Having an education system that plays a part in delivering future economic prosperity is an aspiration for any country. Considering that, I’m forced to ask: has education secretary, Michael Gove considered the requirements of a large number of employers when he came up with the idea of reintroducing O levels?
As a member of the O level generation, I know that in the past practical, vocational education was often seen as a second class route to qualifications and skills.
A two-tier education system created that stigma, where O levels were reserved for an academic cream destined for University and white collar jobs, while supposedly less capable students attended the poor-relation qualification, the CSE.
If the O level returns, what will happen to students unable to meet the standards required to take that exam? Mr. Gove might envision three quarters of school pupils taking O levels, but it will take some time to turn a tanker of an education system around to make that happen.

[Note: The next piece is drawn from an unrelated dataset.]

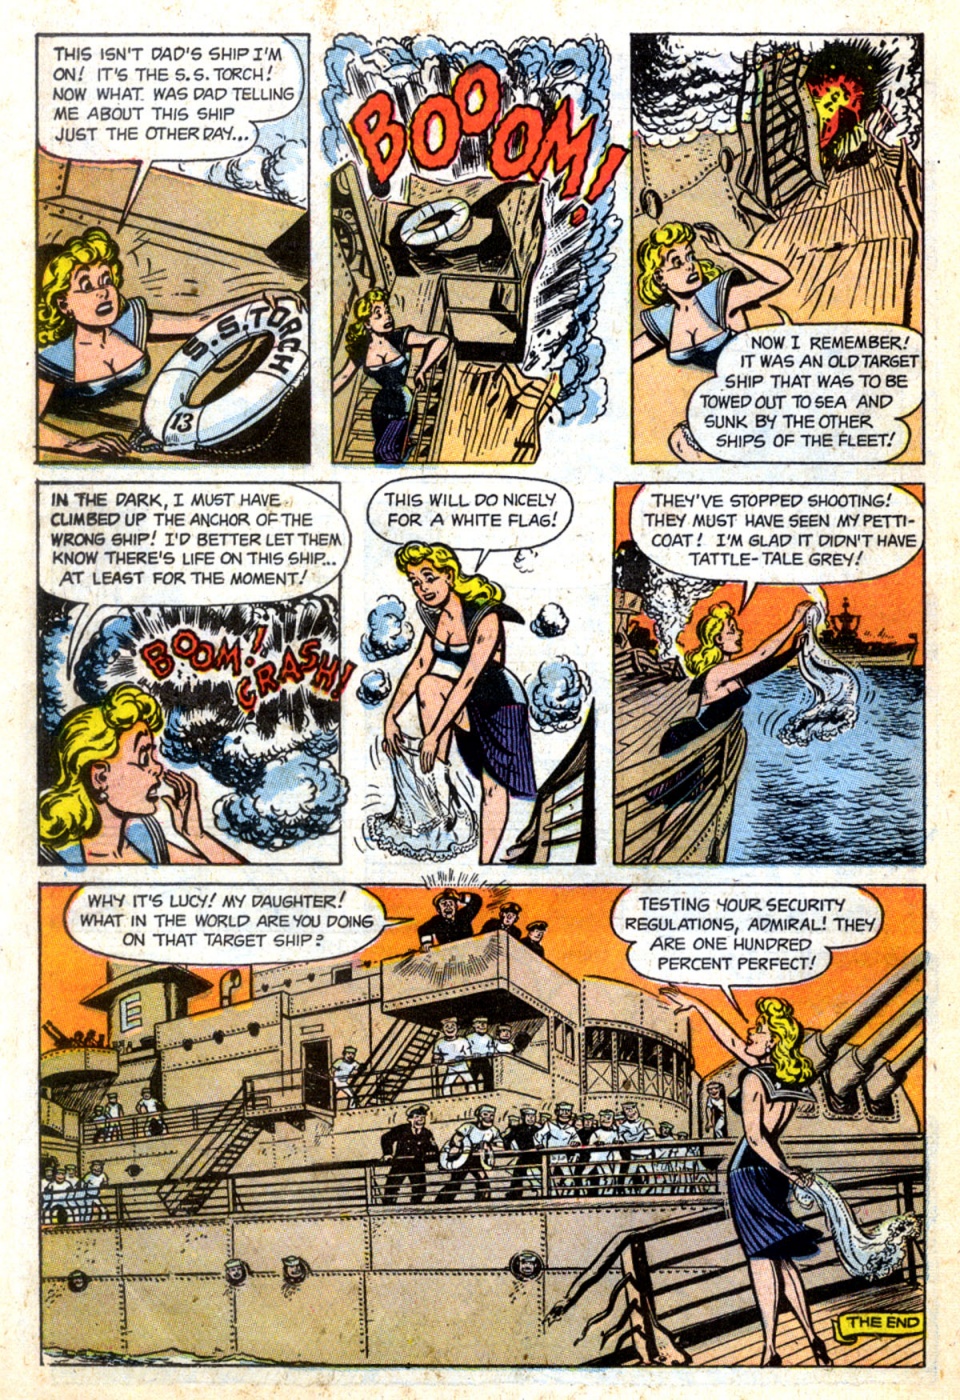 Anchors the Salt Water Daffy - Comics (c) (26)

GCSEs, whether you think they have been a success or not, are geared to learning in modules with coursework as well as exams, similar to many modern post-16 vocational courses.
I predict we will be watching many young people nurtured to learn and be assessed in bite-size chunks struggling with a substantial change mid-way through their educational life, suddenly faced with a solely academic system.
But what does this mean to business? Firstly, we’ll be affected by a lost generation of school leavers entering the jobs market with poor qualifications. We don’t have a history of straight forward transitions of pretty much anything in this country.
Secondly, and this is my main concern, the strides we have made to make vocational learning credible and relevant to 21st century business will face a serious setback.
If the route to post-16 vocational learning is through a second class CSE-style qualification employers will take a less impressed view of a candidate’s credentials.
Encourage the return of a two-tier education system where those of an academic bent are considered superior in the eyes of employers and society is a bad idea. It will come at the cost of those who I and many others consider may well hold the key to a prosperous future for the UK.
We need to ensure the work of experts like Prof. Alison Wolf with support from people in business like me have done to increase the validity of vocational learning does not go to waste.
If Michael Gove gets his way vocational training will never be on an even standing with academic education.
Instead of having young people being proud to choose a practical route to earn industry-respected vocational qualifications, they’ll see it as a last resort. And that will lead to more major problems for our economy.
Charlie Mullins is the CEO and founder of Pimlico Plumbers.